* INFORMATION SUPPLIED:
Segment Open
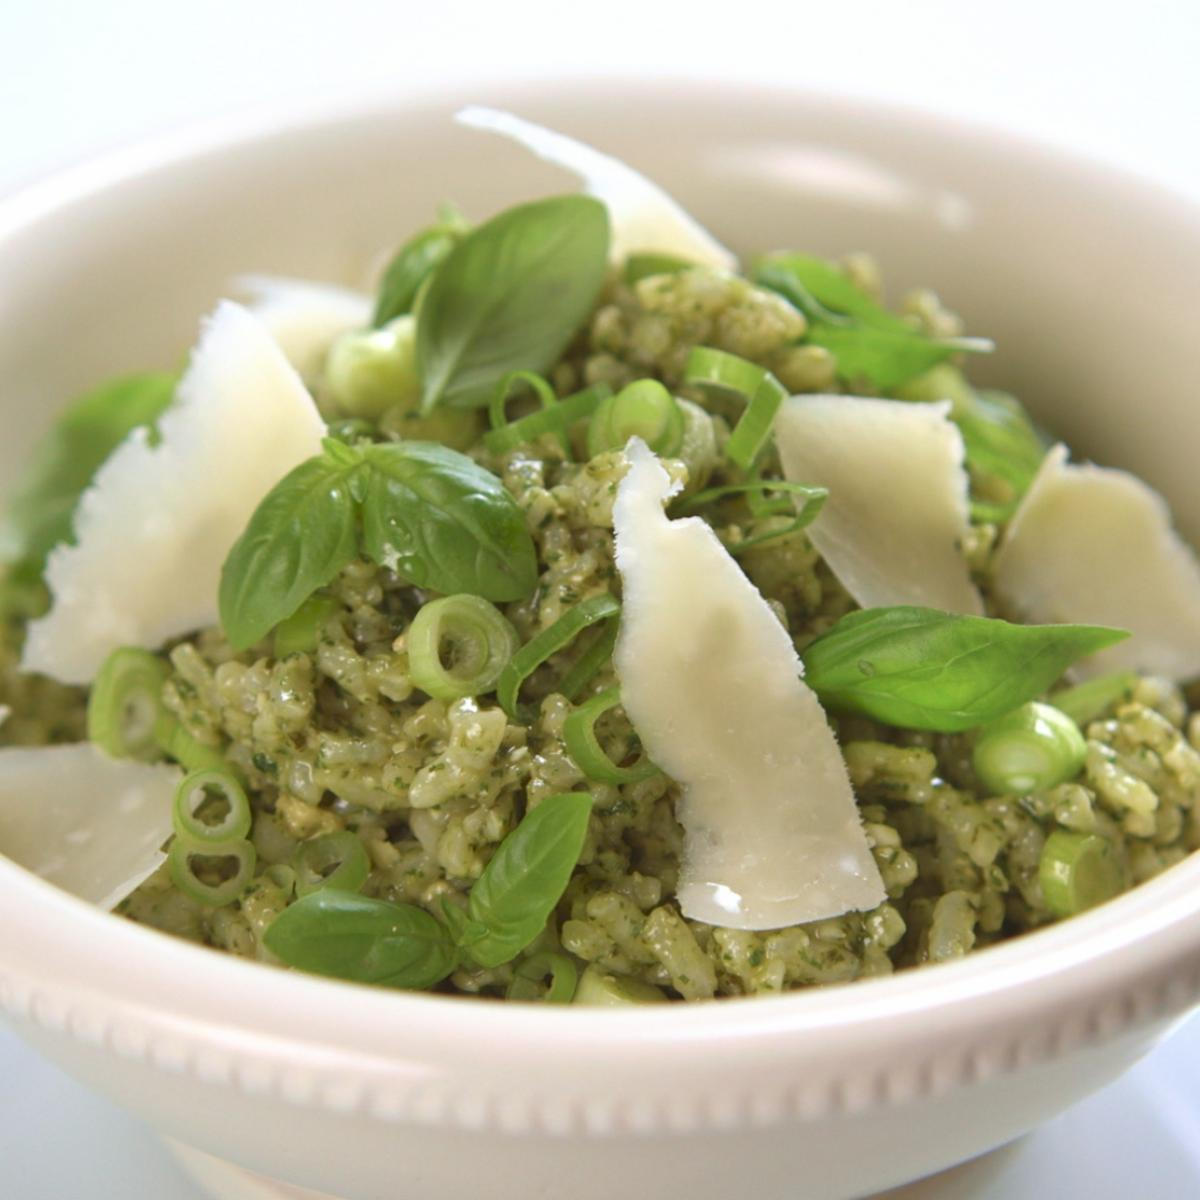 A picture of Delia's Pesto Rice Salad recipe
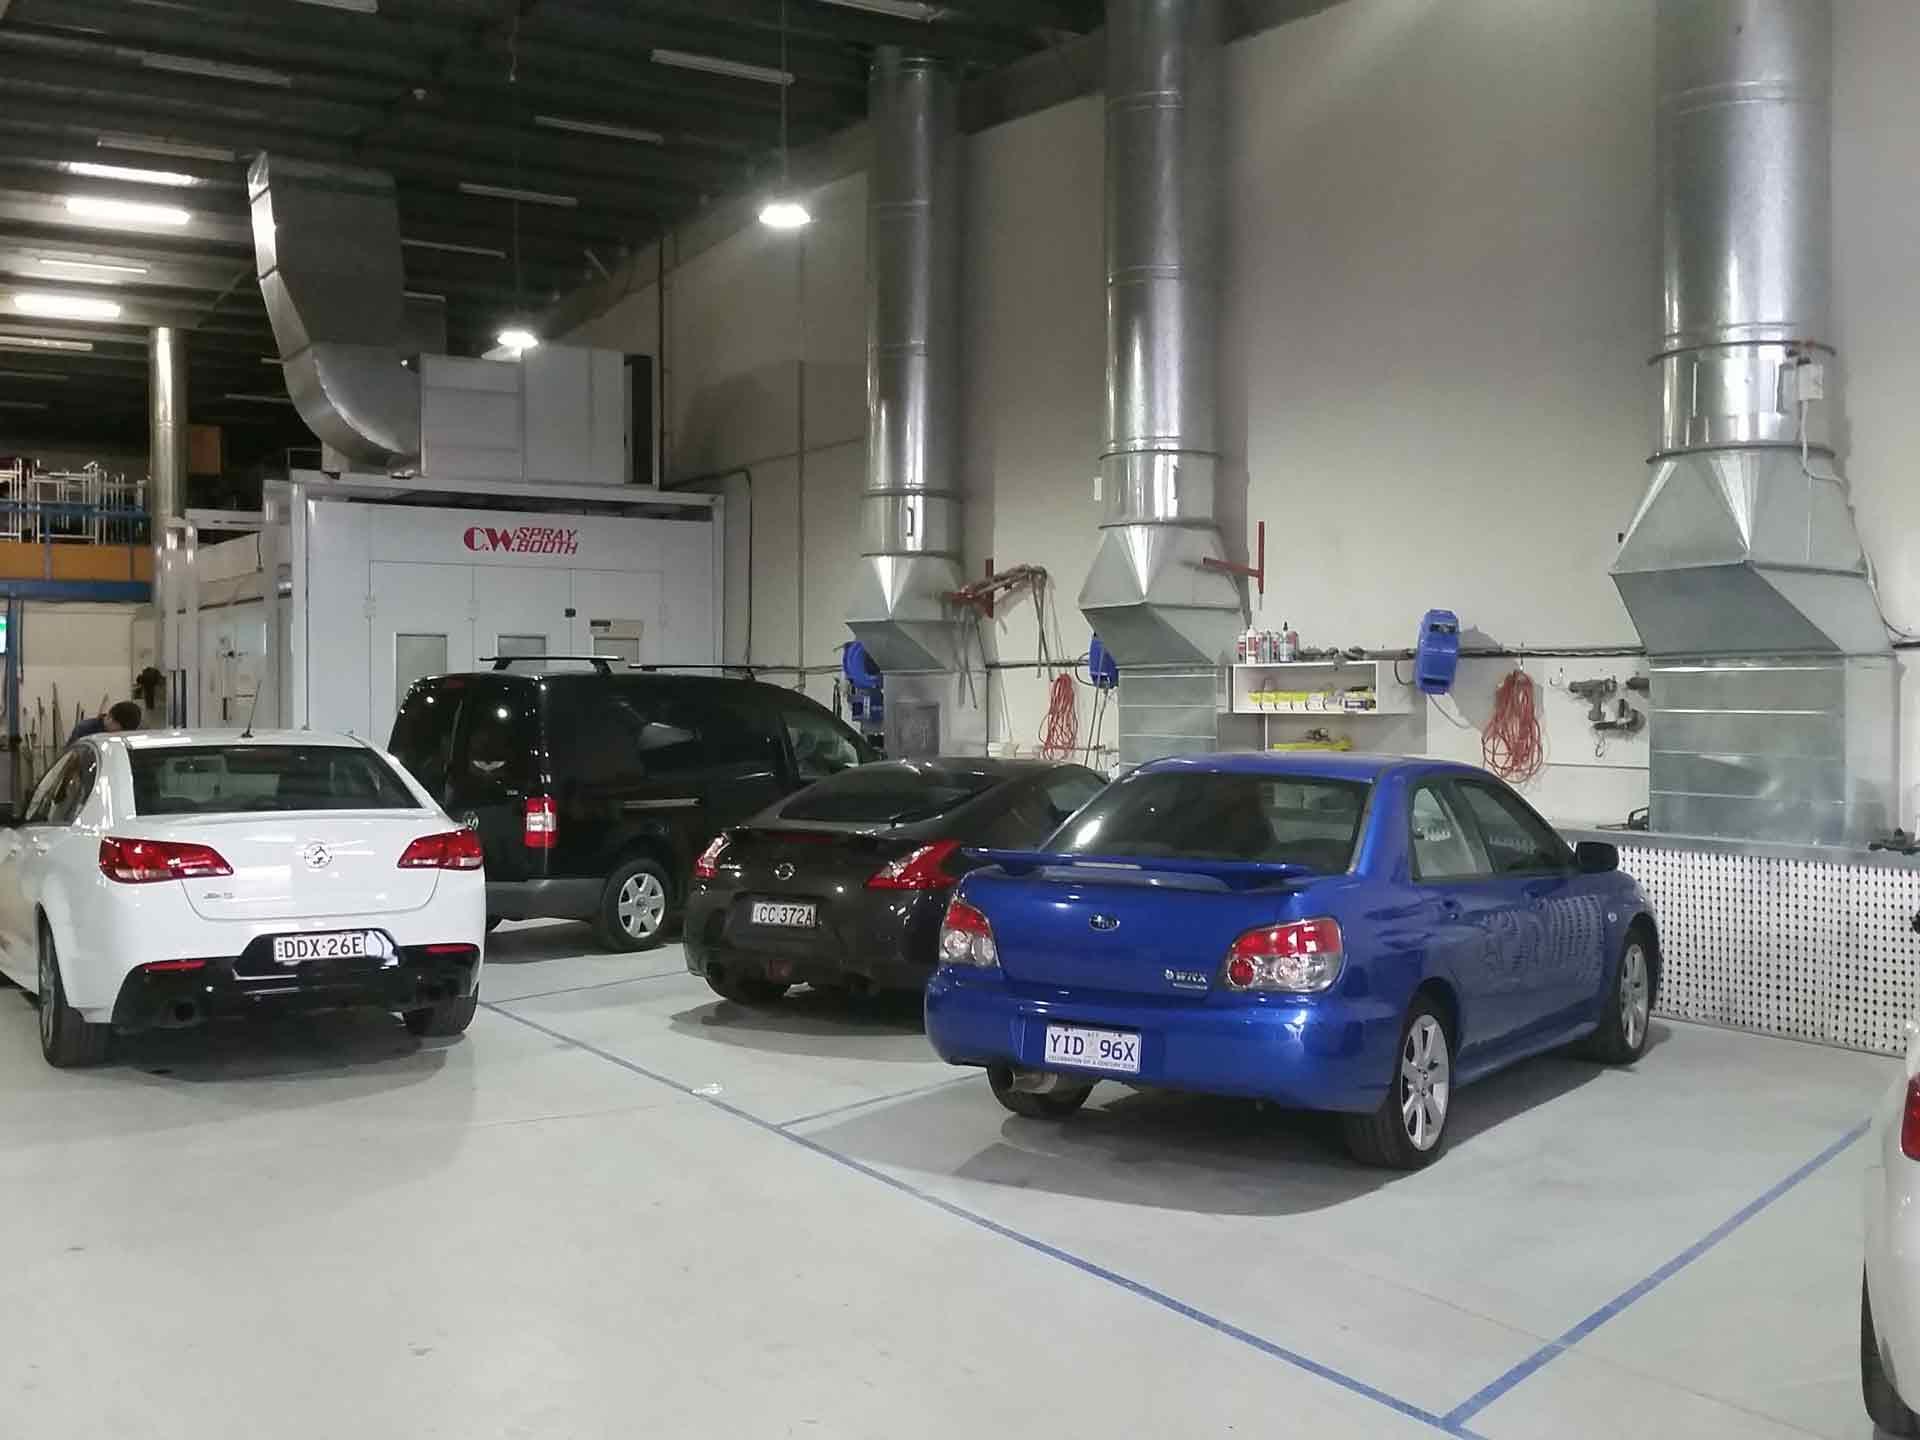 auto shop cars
Segment Closed
Segment Open
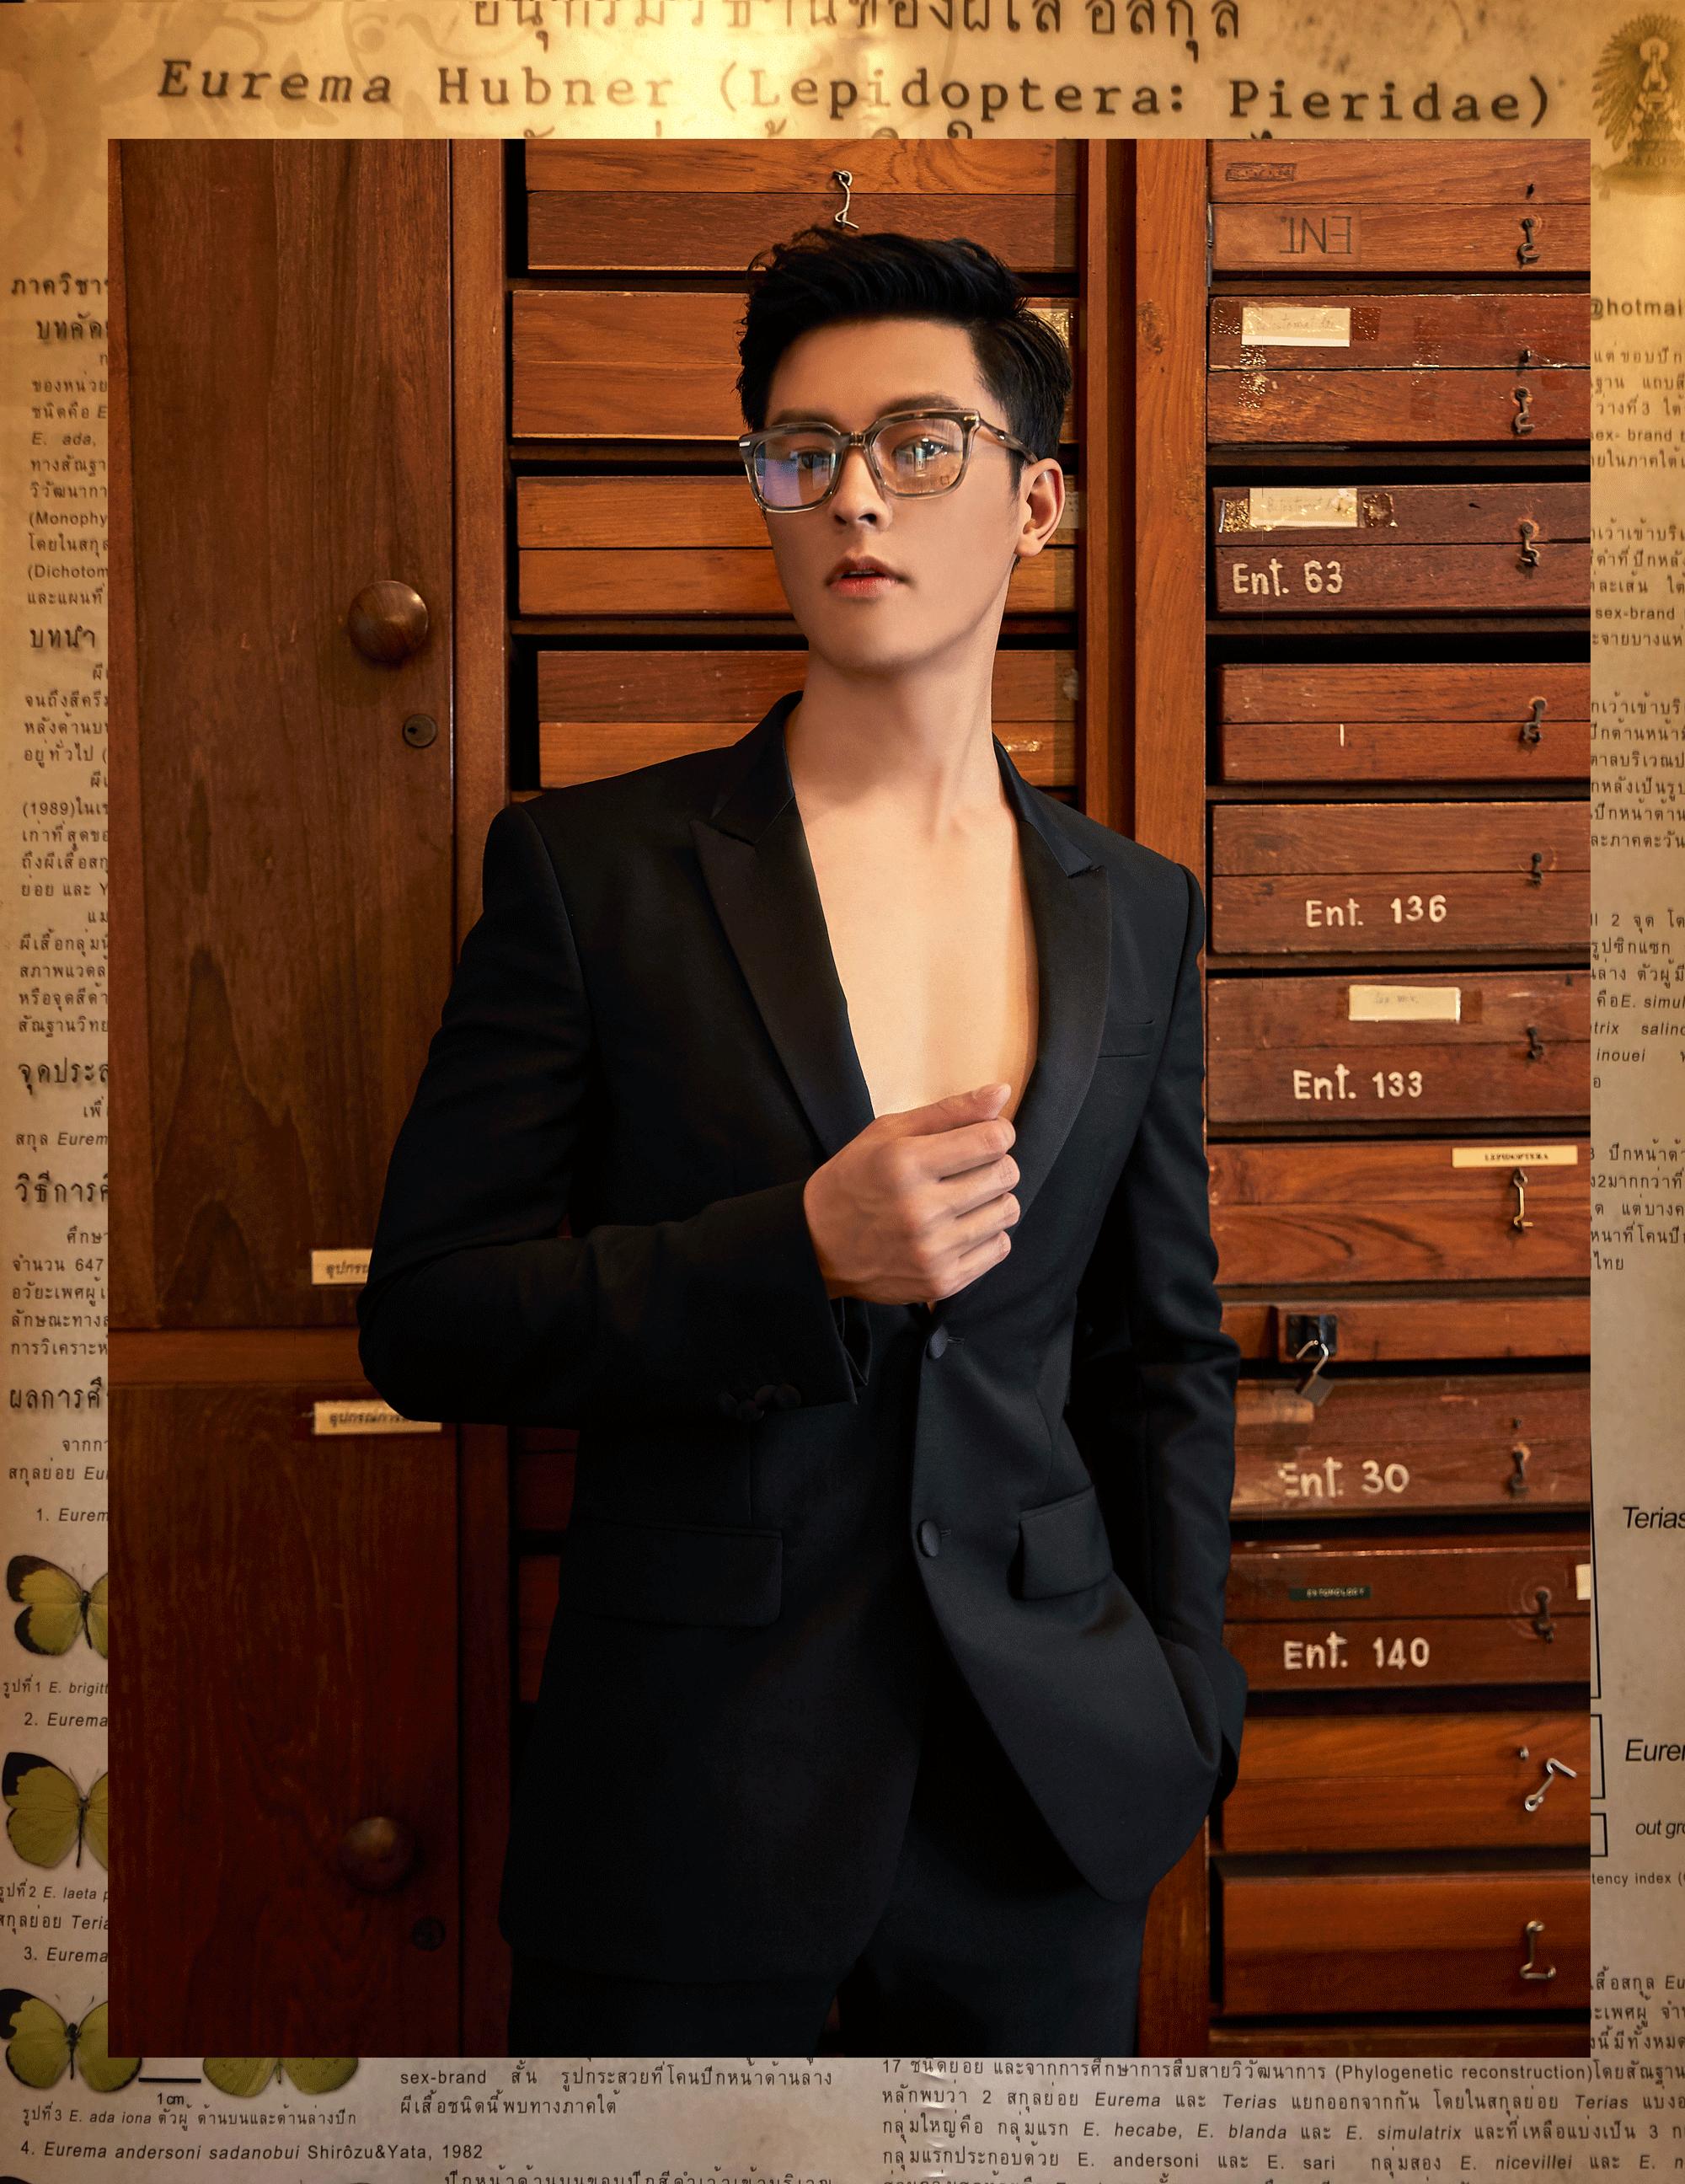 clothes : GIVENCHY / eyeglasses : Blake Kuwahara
Segment Closed
Segment Open
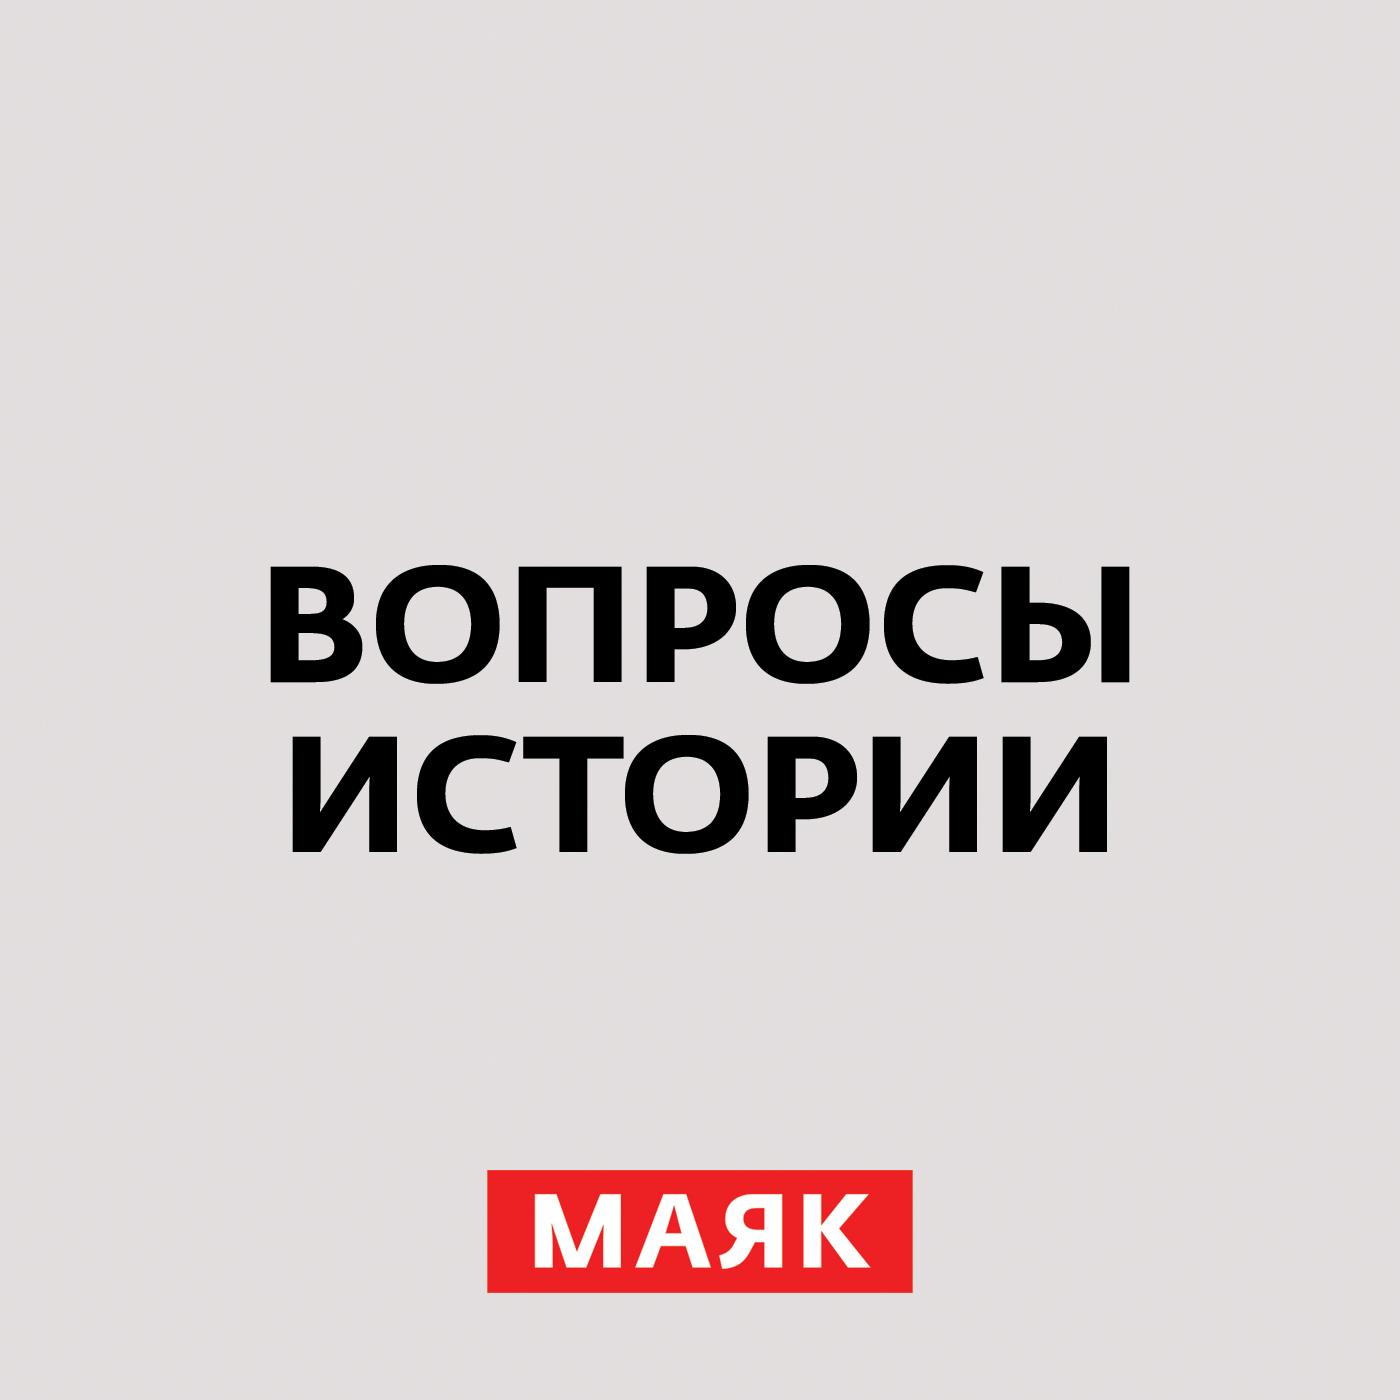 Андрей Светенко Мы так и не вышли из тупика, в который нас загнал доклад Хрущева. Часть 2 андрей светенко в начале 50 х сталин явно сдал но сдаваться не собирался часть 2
Segment Closed
* TASK REQUIREMENTS:
Go back to the lines above and output, exactly as they stand, the ones from the line containing "A picture of Delia's Pesto Rice Salad recipe" to the line containing "auto shop cars". Leave all pictures behind.

* RESULT:
 A picture of Delia's Pesto Rice Salad recipe
 auto shop cars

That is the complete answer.